Evaluation with UpTrain x Observability with Langfuse

With this integration, you can seamlessly use UpTrain to evaluate the quality of your LLM applications and add those scores to the traces facilitated by Langfuse for observability. If you want to jump into the code directly, try the tutorial here.

Step 1: Log your query-response pairs with Langfuse

Use one of the many integrations (Python, JS, Langchain, LlamaIndex, LiteLLM, …) of Langfuse to capture production or development data of your LLM application. Check out the docs for a full list of all integrations and a quickstart.

Step 2: Retrieve the traces to evaluate with UpTrain

for interaction in data:
    trace = langfuse.trace(name = "uptrain batch")
    trace.span(
        name = "retrieval",
        input={'question': interaction['question']},
        output={'context': interaction['context']}
    )
    trace.span(
        name = "generation",
        input={'question': interaction['question'], 'context': interaction['context']},
        output={'response': interaction['response']}
    )
 
# await that Langfuse SDK has processed all events before trying to retrieve it in the next step
langfuse.flush()

Step 3: Evaluate the quality of retrieved-context and generated response

res = eval_llm.evaluate(
    data = data,
    checks = [Evals.CONTEXT_RELEVANCE, Evals.FACTUAL_ACCURACY, Evals.RESPONSE_COMPLETENESS]
)

Step 4: Log the scores back to the Langfuse platform for visualization and analysis

for _, row in df.iterrows():
    for metric_name in ["context_relevance", "factual_accuracy","response_completeness"]:
        langfuse.score(
            name=metric_name,
            value=row["score_"+metric_name],
            trace_id=row["trace_id"]
        )

And voila! You can now observe the quality of your application along with full traces in these 4 simple steps. By incorporating UpTrain’s evaluation metrics into Langfuse, you can track and compare the effectiveness of different experiments, gaining valuable insights into the strengths and weaknesses of your LLM models and applications in development and production.
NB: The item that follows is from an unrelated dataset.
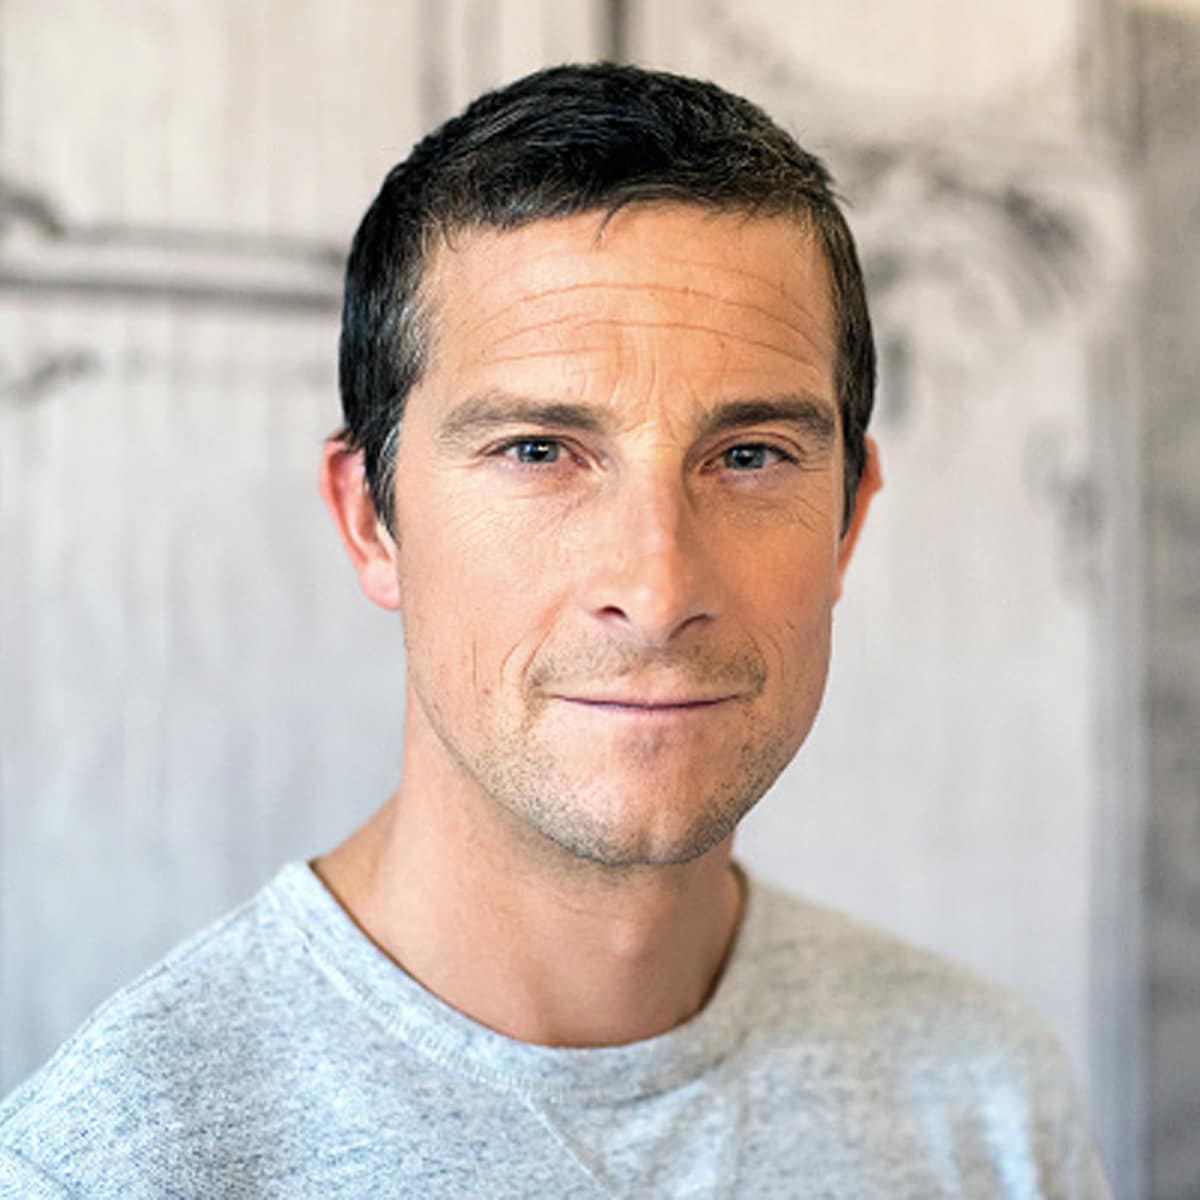 Bear Grylls attends the AOL Build Speaker Series to discuss the television series "Running Wild With Bear Grylls"

20+ pre-configured checks at your disposal

UpTrain provides 20+ pre-configured checks to evaluate the quality of your final response, retrieved-context as well as all the interim steps. You can:

Access scores for Response Completeness, Relevance & Validity, etc.,
Compute the quality of retrieval and degree of context utilization,
Check if the response can be verified from the context or not,
Detect and prevent prompt injection and jailbreak attempts
Examine whether the user is frustrated while interacting with your chatbot
Or define your custom evaluations

You can find the complete list of pre-configured evaluations here. Further, You can use evaluation and observability stats to understand how your systems are performing in production, identify bottlenecks and iteratively improve them.

Conclusion

In this blog, we have introduced the recent integration between UpTrain’s evaluation platform and Langfuse’s observability platform. Moreover, with this integration, you can seamlessly track your applications’ latency, cost and quality, all in one place. Happy building!